Question

Forum:Specific question on torturing the data until it confesses

2

Entering edit mode

4.3 years ago

Aspire ▴ 370

One cannot use the same dataset both in exploratory data analysis, and both to test hypothesis based on that exploratory data analysis (that would be circular reasoning).

This means that one cannot play with the data to select the model that would fit his data best, and then declare his results as statistically valid.

However, a way to circumvent it was suggested to me. The person suggesting it claimed:

Software such as IPA receives a list of genes, and checks for gene-set enrichment. The results will be biologically meaningful if and only if the model we have used to generate our list of significantly DE genes is valid. The reason for this is that if we supply to such software (even a large) list of genes which is random noise, we will not see meaningful enrichment.

Hence, we can torture the data to get, say, a large set of DE genes between two conditions. At a latter stage we will "check if the confession is valid" by feeding the gene list to IPA, and check whether the results are meaningful.

Also, if one performs additional validation tests, then one could use them to check the truthfulness of "the confession" (the results)

What do you think about this claim? I don't think it's correct (and I will try to explain why below), but since I am not familiar with IPA, I would be happy for other opinions.

ipa gene-set-enrichment statistics • 1.5k views

ADD COMMENT • link updated 23 months ago by Ram 45k • written 4.3 years ago by Aspire ▴ 370

1

Entering edit mode

I'm not sure what different models are being used to generate different lists of DE genes, but every time you do that you'd have to correct for multiple testing, even at the enrichment stage

ADD REPLY • link 4.3 years ago by Jeremy Leipzig 23k

1

Entering edit mode

4.3 years ago

Aspire ▴ 370

Imho, this is invalid for two reasons : one is that "biologically meaningful" is not a well-defined term. Since it is not well defined, it can be confused with with "results that confirm the hypothesis we want".

Second, even if it were possible, the division of all possible cases into "random noise", and "biologically meaningful results" is a very gross oversimplification. Results can be partially meaningful, partially random noise. If one fits the model to the specific data at hand, and then checks for meaningfulness of, one cannot be sure what percentage of the data is random noise, and what percentage is biologically meaningful.
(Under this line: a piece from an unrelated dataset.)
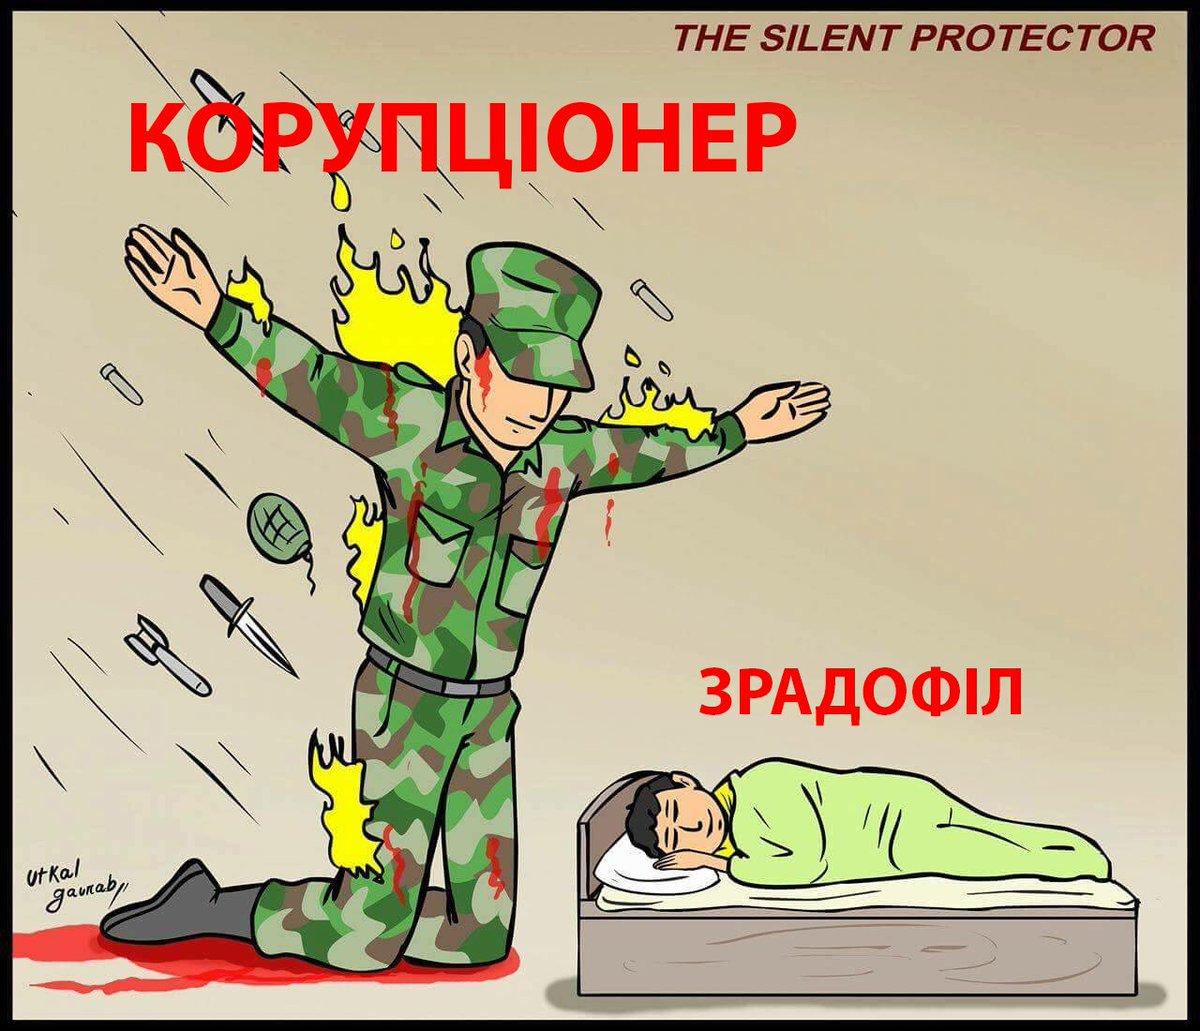 Економіка України збалансована, але потрібна зовнішня підтримка для виплати попередніх боргів, - Гройсман - Цензор.НЕТ 4665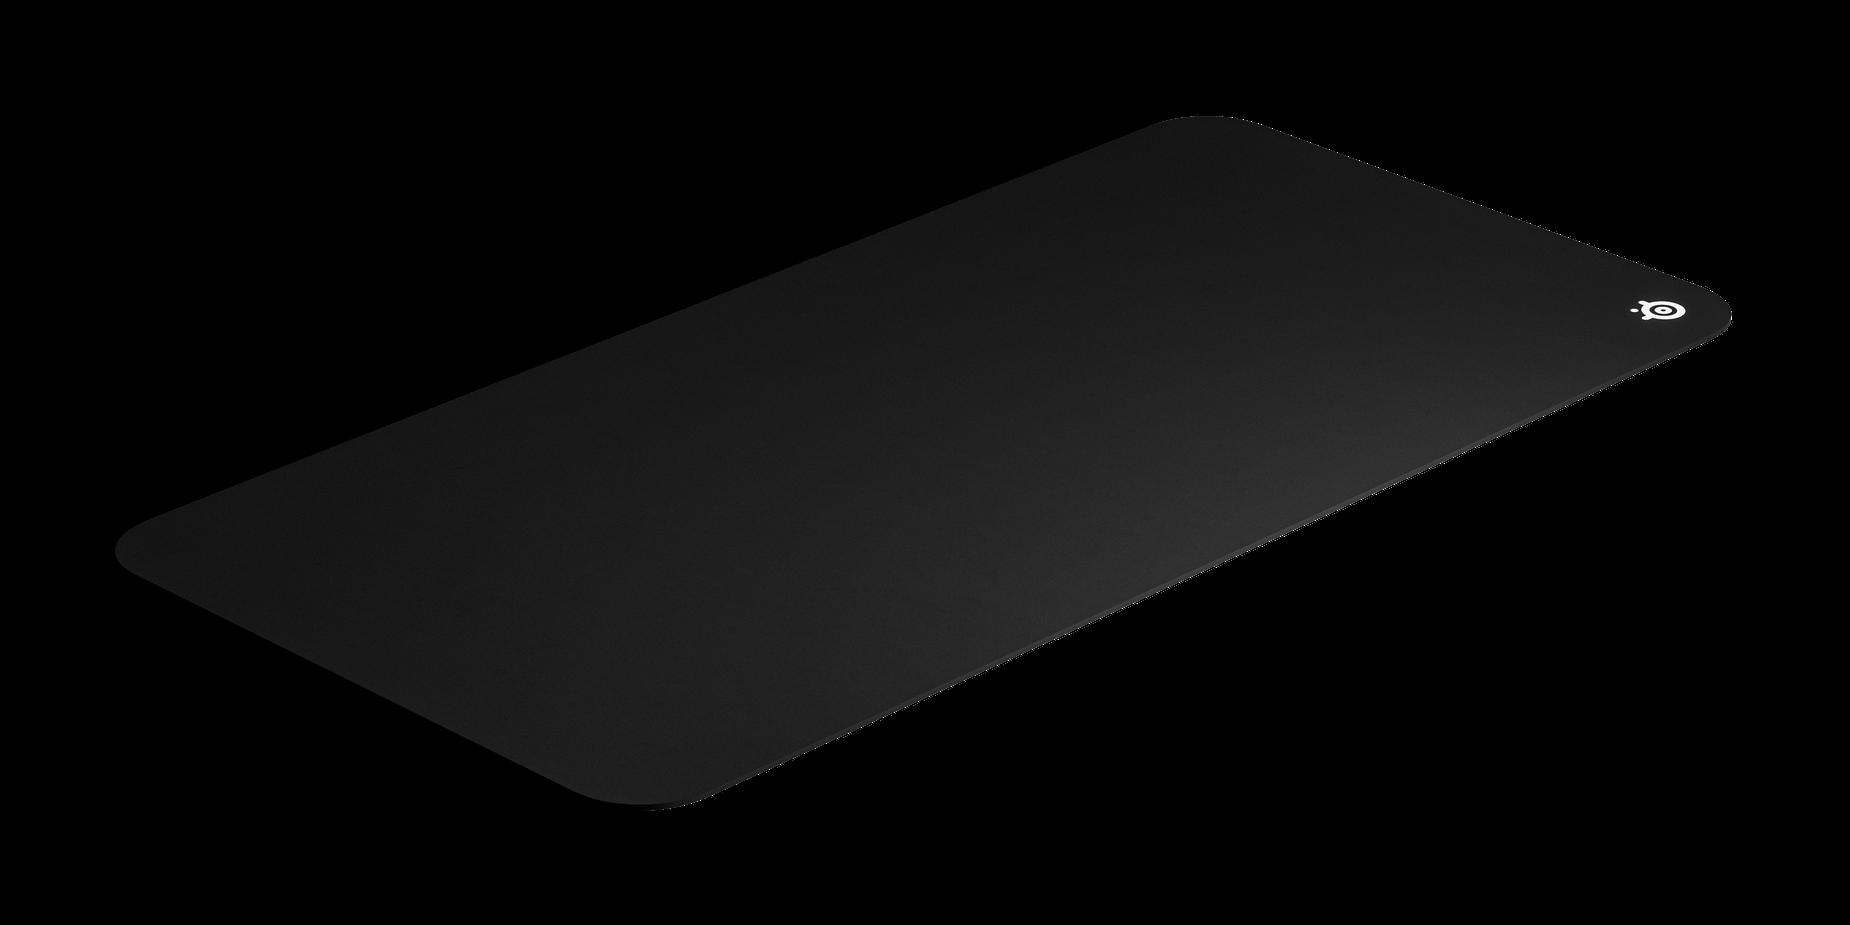 サイズ比較のために斜めに置かれたマウスパッドの画像

Regarding the possibility of validation through other means, that is always worthwhile; but that means one should treat the results one already has as exploratory data analysis, and not to use terms such as p-value when reporting its results.

ADD COMMENT • link 4.3 years ago by Aspire ▴ 370

0

Entering edit mode

I agree with your first point. Nonetheless, I do find "biologically meaningful" useful, although dangerous.

I didn't understand your second point.

I partially agree with your third point, see my answer bellow.

ADD REPLY • link 4.3 years ago by h.mon 35k

score 3 · Accepted Answer · 2020-12-29

One can perform hypothesis testing (i.e., use p-values) in an exploratory statistical analysis. The problem is not the use of p-value per se, the problem is confounding (and presenting) an exploratory analysis as if it was a hypothesis-driven analysis.

So it is perfectly fine to perform a differential gene expression analysis, use the p-values to select interesting genes and perform enrichment analysis with IPA, and so on. But keep in mind the analysis is exploratory: at best, you are searching for patterns in order to, later on, conduct a rigorous hypothesis-driven experiment, where you will test the hypothesis generated with the exploratory analysis in an independent data set, deciding in advance all the analysis steps you will perform.

A further question is: does researchers really act this way? My feeling is most researchers don't, for a plethora of reasons:

hypothesis-driven experiments can be really expensive and labor-intensive.
hypothesis-driven experiments are of higher risk, as there is publication bias against negative results.
pressure to publish drives researchers to fast exploratory analyses.